Damages in a Personal Injury Case

What are personal injury damages?

“Damages” are the harms and losses that a person suffers because of someone else’s negligence. The only relief for an injury in the courts, generally, is money. The legal system breaks damages into two broad categories: economic damages and noneconomic damages.

Economic damages

Economic damages are simple. These include medical bills, lost wages, and incidental costs associated with an injury. If the injury is permanent, your attorney may hire a medical professional to estimate future costs or an economist to determine future lost wages. Economic damages are known as “fixed” costs, meaning it describes a cost that does not change and is determined by (mostly) simple math.

Noneconomic damages

So-called “noneconomic damages” are not as simple. These are the losses that affect your quality of life. For example, the pain you have when you sit for too long, or the scar that reminds you of your botched surgery. 

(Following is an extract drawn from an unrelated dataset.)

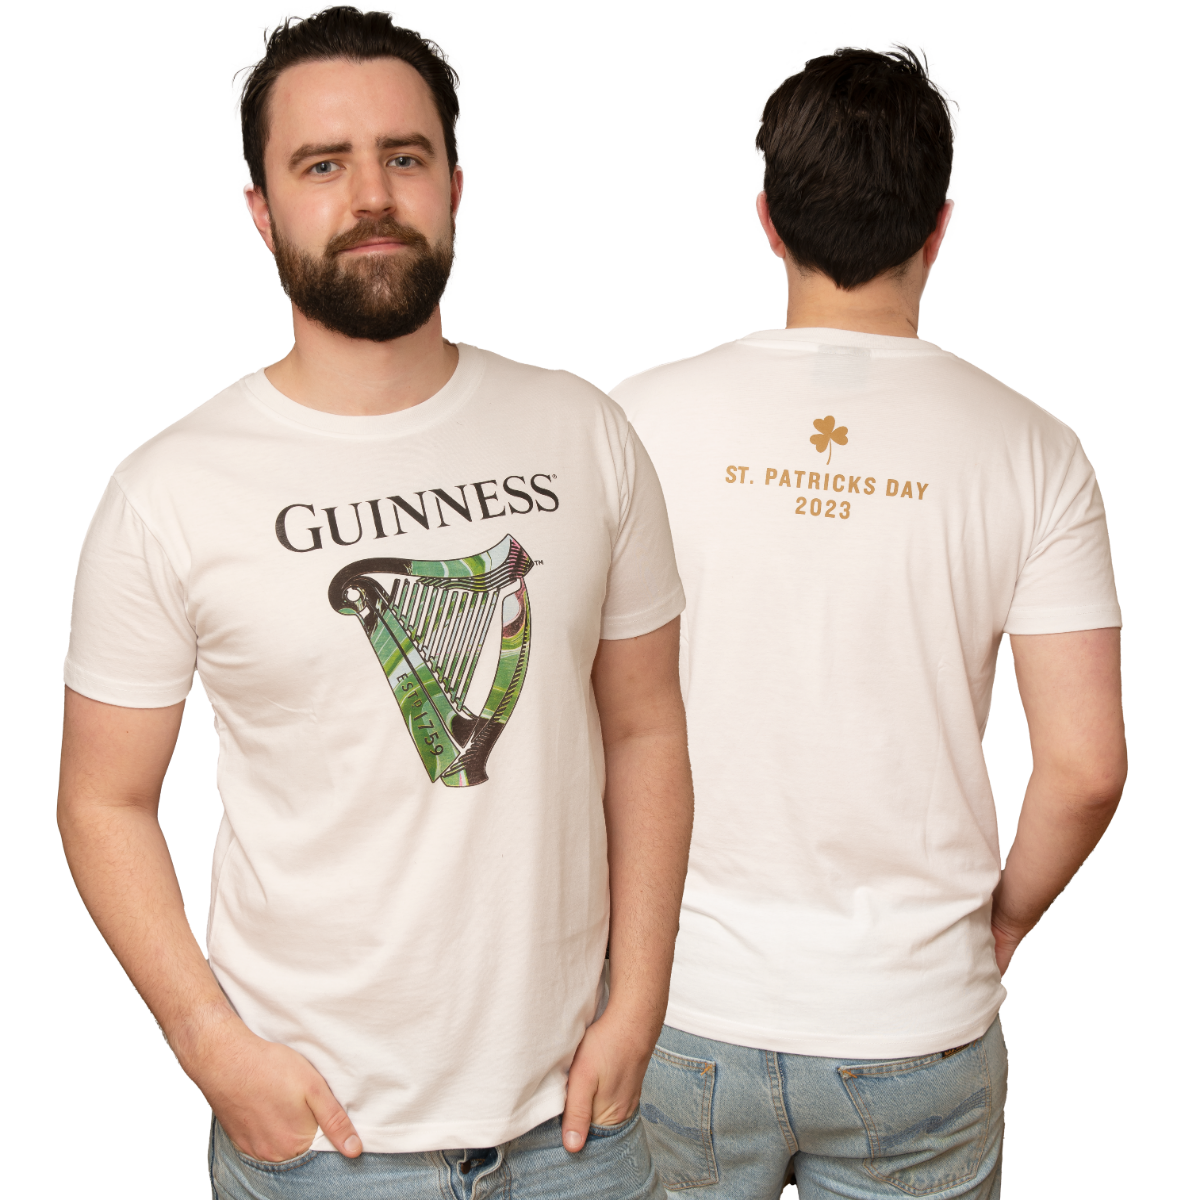 Guinness Limited Edition St Patrick's Day 2023 White Tee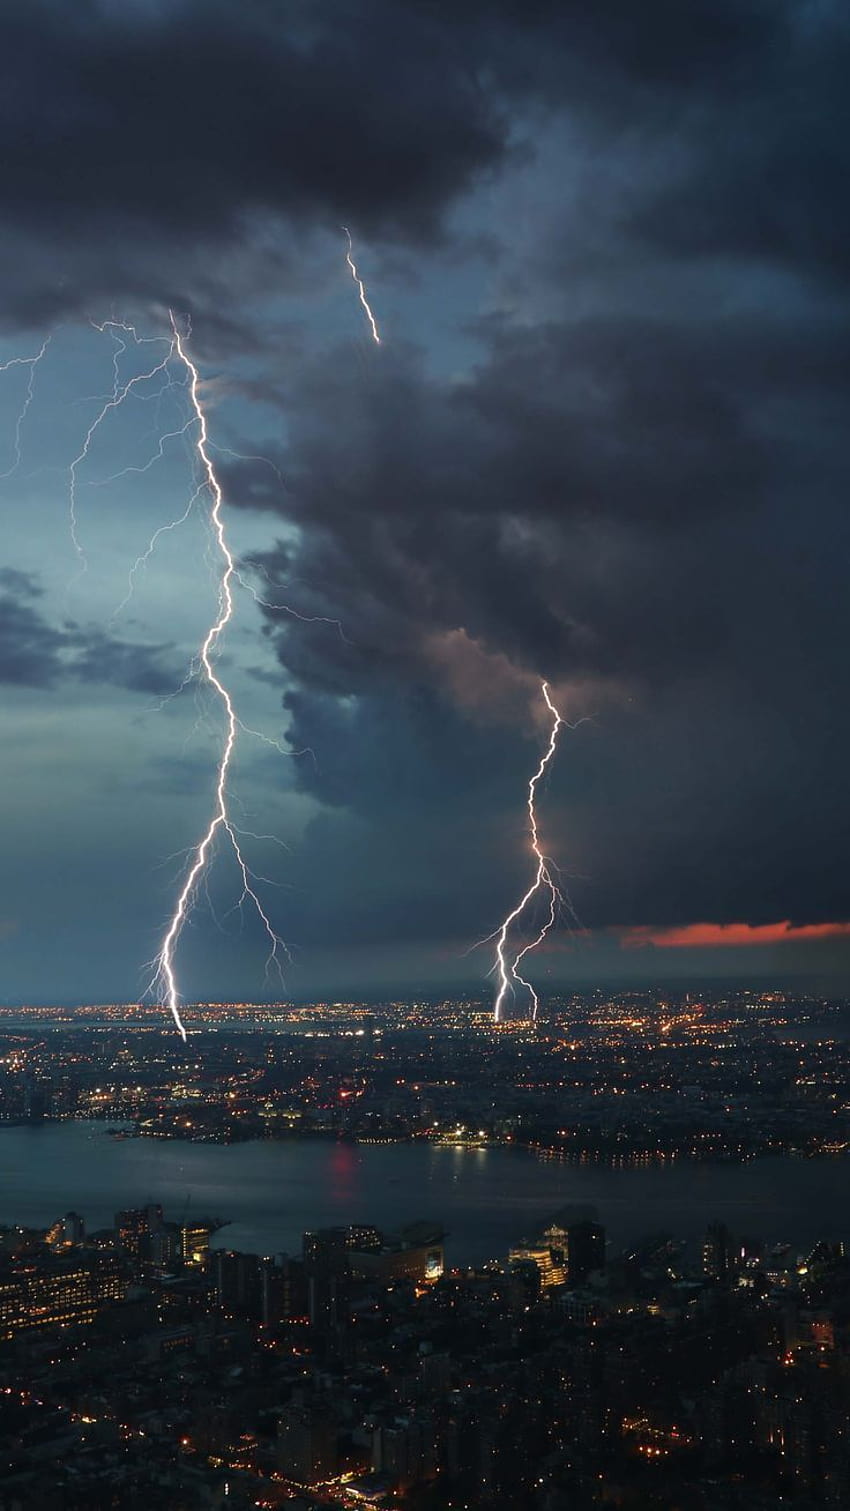 Wallpaper clouds, lightning, bad weather images for desktop, section  природа - download

Sometimes what may seem like a minor issue has a huge impact on a person’s life. Maybe you’re a guitar player and breaking your fingers means that you can’t play the guitar as well — or at all — anymore. Or maybe your pain makes you irritable and you snap at your loved ones for no reason, harming your relationships. Maybe you relive the car crash every time you come to a complete stop at a stop sign.

Fear for the Future

Injuries cause fear about the future. How will you pay your medical bills? What about your household expenses when you can’t work? How will you comfort your child when you can’t hold them because of the pain? How will you manage that pain for the rest of your life? Living with an injury you suffered due to someone else’s negligence is particularly frustrating because the incident was preventable. 

Jury Instructions 

Vermont’s standard jury instructions on damages provide that an injured person is entitled to compensation for “bodily injury and any pain and suffering, disability, disfigurement, mental anguish, and loss of enjoyment of life experienced in the past, or probably to be experienced … in the future.” The instructions further note: “There is no particular formula to calculate this compensation.” The instructions state that the amount should be “fair” in light of the evidence presented at trial. It is your attorney’s job to understand how your life has and will continue to be, impacted. Only then can your attorney effectively communicate with insurance adjusters, defense attorneys, a judge, and 12 community members what it’s like to walk a mile in your shoes and what’s fair to you in terms of money damages.